Last week, you might have seen that Bredband2 i Skandinavien AB (publ) (STO:BRE2) released its full-year result to the market. The early response was not positive, with shares down 4.3% to kr1.98 in the past week. Bredband2 i Skandinavien reported kr1.7b in revenue, roughly in line with analyst forecasts, although statutory earnings per share (EPS) of kr0.11 beat expectations, being 3.6% higher than what the analysts expected. This is an important time for investors, as they can track a company's performance in its report, look at what experts are forecasting for next year, and see if there has been any change to expectations for the business. So we collected the latest post-earnings statutory consensus estimates to see what could be in store for next year.

Check out our latest analysis for Bredband2 i Skandinavien

OM:BRE2 Earnings and Revenue Growth February 9th 2025

Taking into account the latest results, the current consensus from Bredband2 i Skandinavien's three analysts is for revenues of kr1.84b in 2025. This would reflect a credible 6.2% increase on its revenue over the past 12 months. Per-share earnings are expected to climb 14% to kr0.13. Yet prior to the latest earnings, the analysts had been anticipated revenues of kr1.80b and earnings per share (EPS) of kr0.14 in 2025. So it looks like there's been a small decline in overall sentiment after the recent results - there's been no major change to revenue estimates, but the analysts did make a minor downgrade to their earnings per share forecasts.

It might be a surprise to learn that the consensus price target was broadly unchanged at kr2.30, with the analysts clearly implying that the forecast decline in earnings is not expected to have much of an impact on valuation.

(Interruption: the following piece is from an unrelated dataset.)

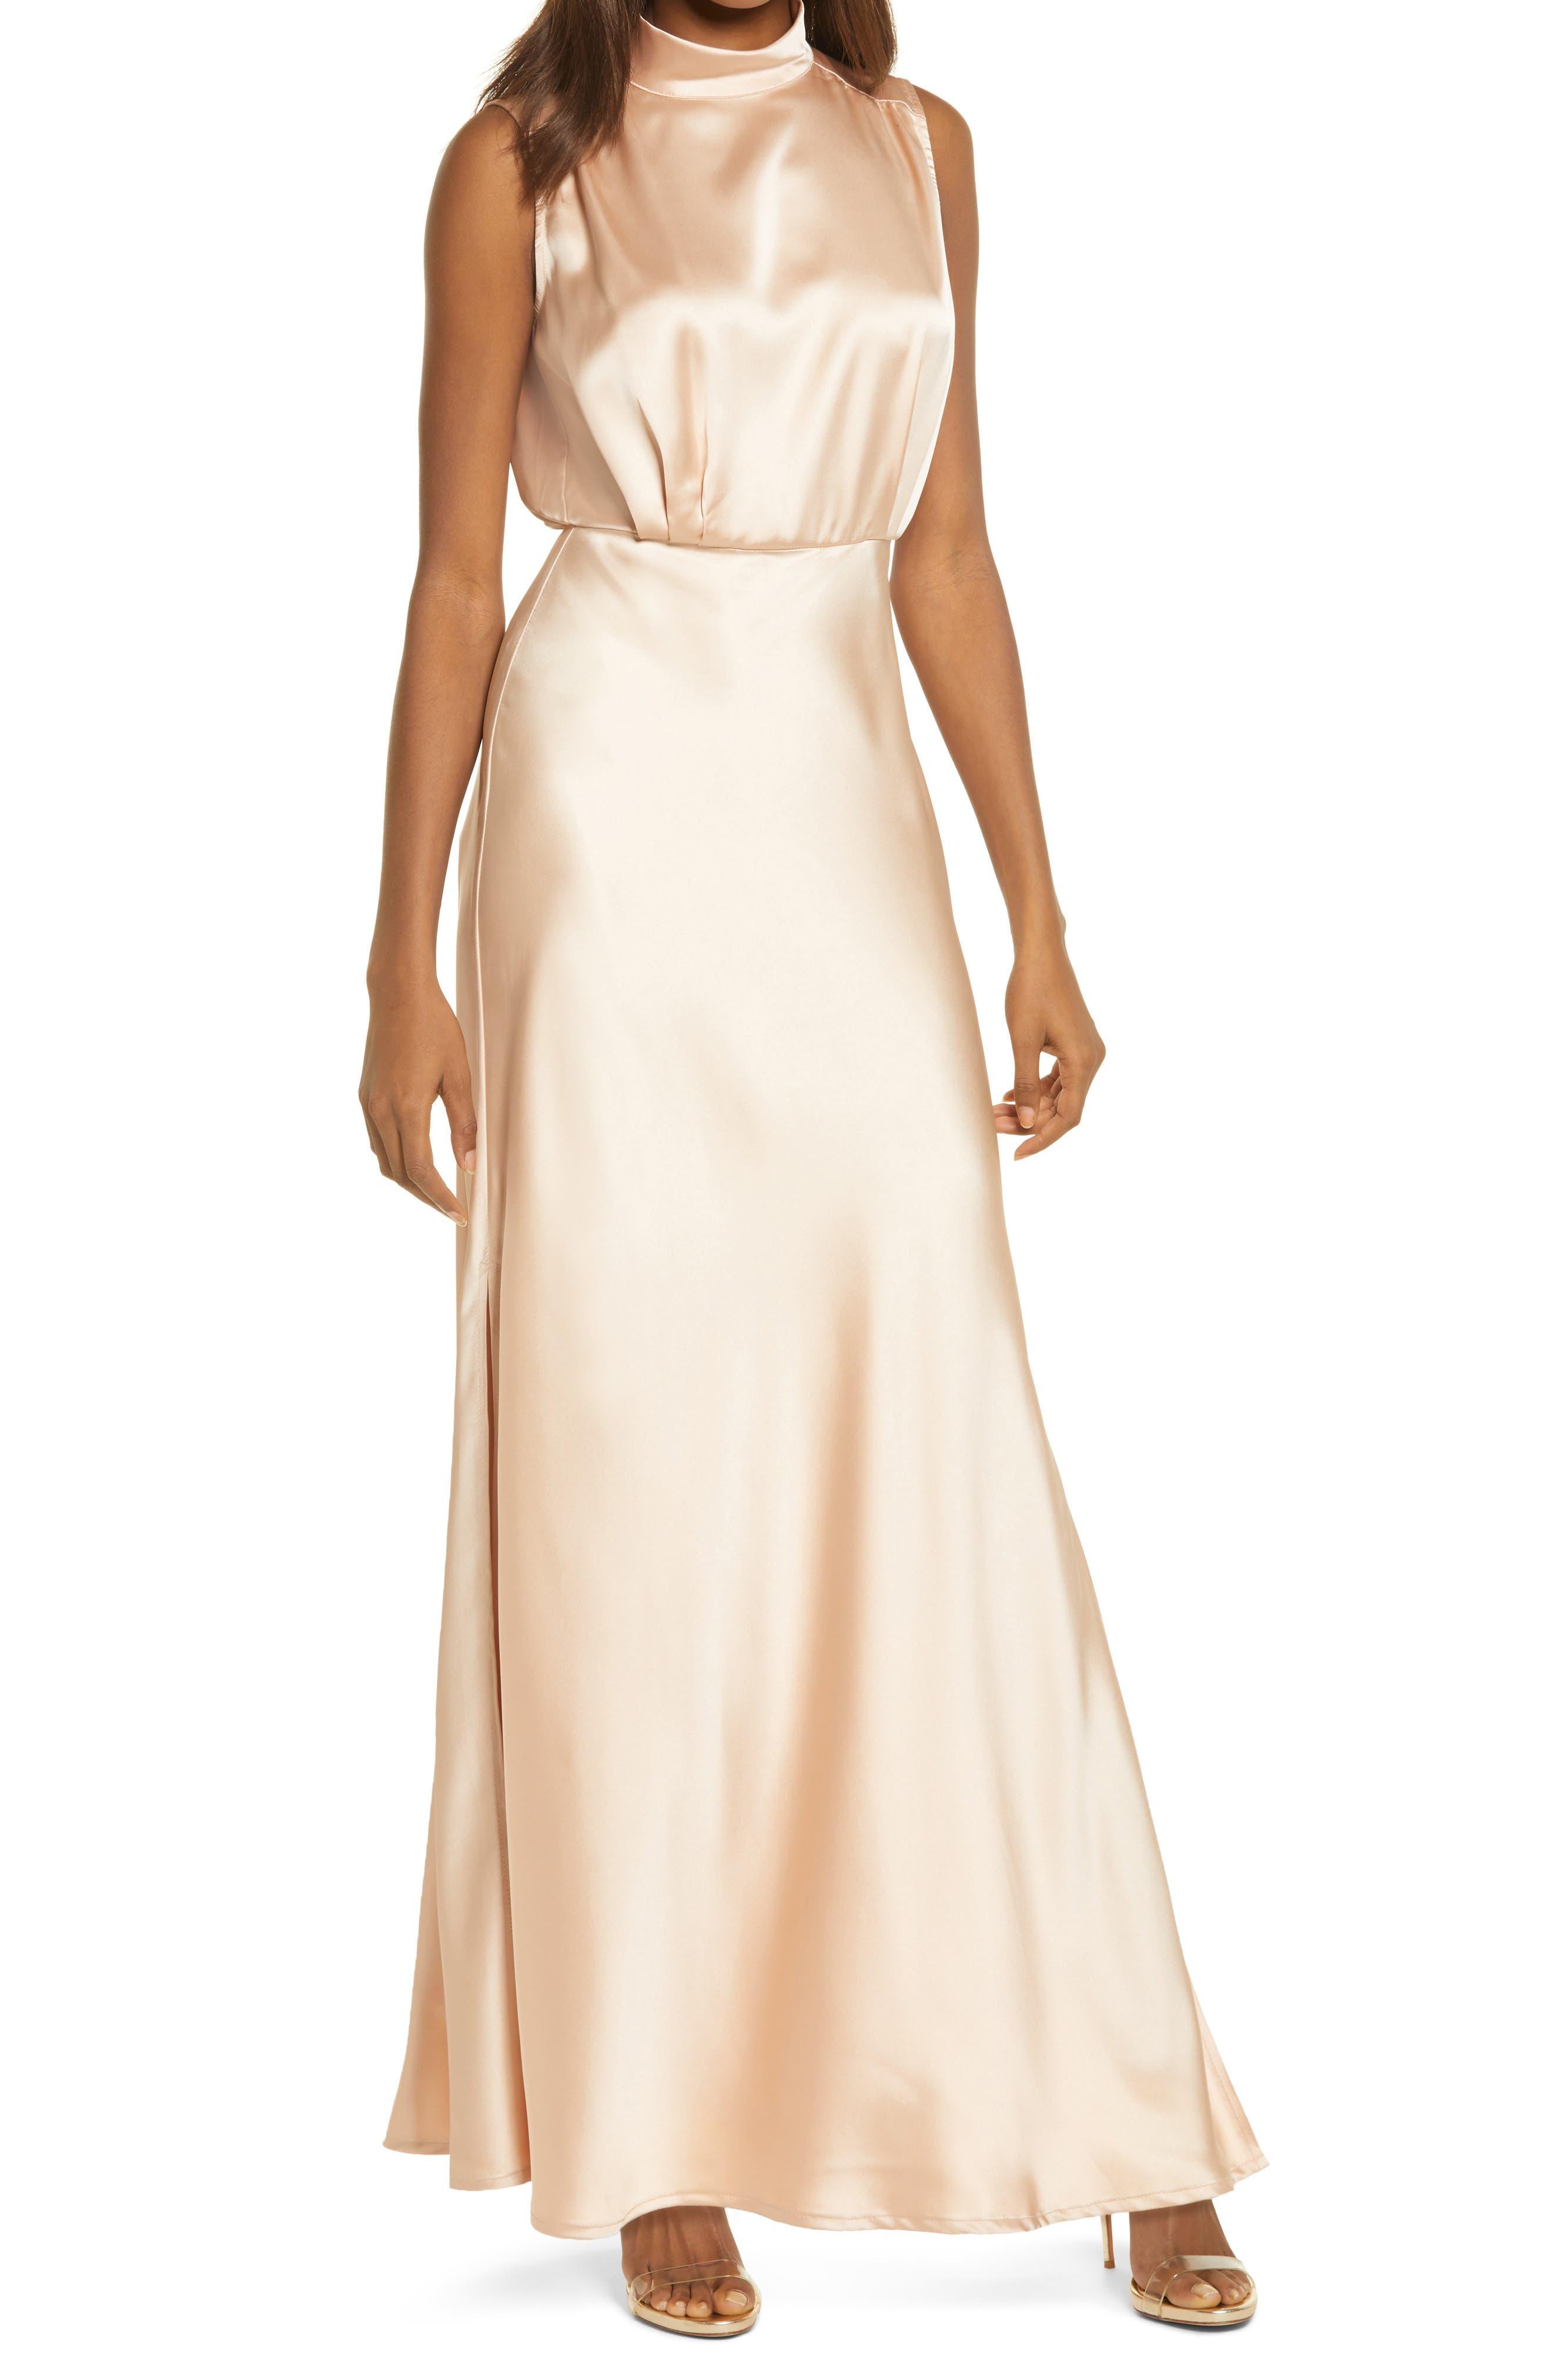 60s Wedding Dresses   70s Wedding Dresses Womens Lulus Classic Elegance Mock Neck Sleeveless Satin Gown Size Small - Beige $77.00 AT vintagedancer.com

These estimates are interesting, but it can be useful to paint some more broad strokes when seeing how forecasts compare, both to the Bredband2 i Skandinavien's past performance and to peers in the same industry. It's pretty clear that there is an expectation that Bredband2 i Skandinavien's revenue growth will slow down substantially, with revenues to the end of 2025 expected to display 6.2% growth on an annualised basis. This is compared to a historical growth rate of 17% over the past five years. Juxtapose this against the other companies in the industry with analyst coverage, which are forecast to grow their revenues (in aggregate) 2.0% per year. Even after the forecast slowdown in growth, it seems obvious that Bredband2 i Skandinavien is also expected to grow faster than the wider industry.

The Bottom Line

The biggest concern is that the analysts reduced their earnings per share estimates, suggesting business headwinds could lay ahead for Bredband2 i Skandinavien. Fortunately, they also reconfirmed their revenue numbers, suggesting that it's tracking in line with expectations. Additionally, our data suggests that revenue is expected to grow faster than the wider industry. The consensus price target held steady at kr2.30, with the latest estimates not enough to have an impact on their price targets.

Keeping that in mind, we still think that the longer term trajectory of the business is much more important for investors to consider. At Simply Wall St, we have a full range of analyst estimates for Bredband2 i Skandinavien going out to 2027, and you can see them free on our platform here..

You can also see our analysis of Bredband2 i Skandinavien's Board and CEO remuneration and experience, and whether company insiders have been buying stock.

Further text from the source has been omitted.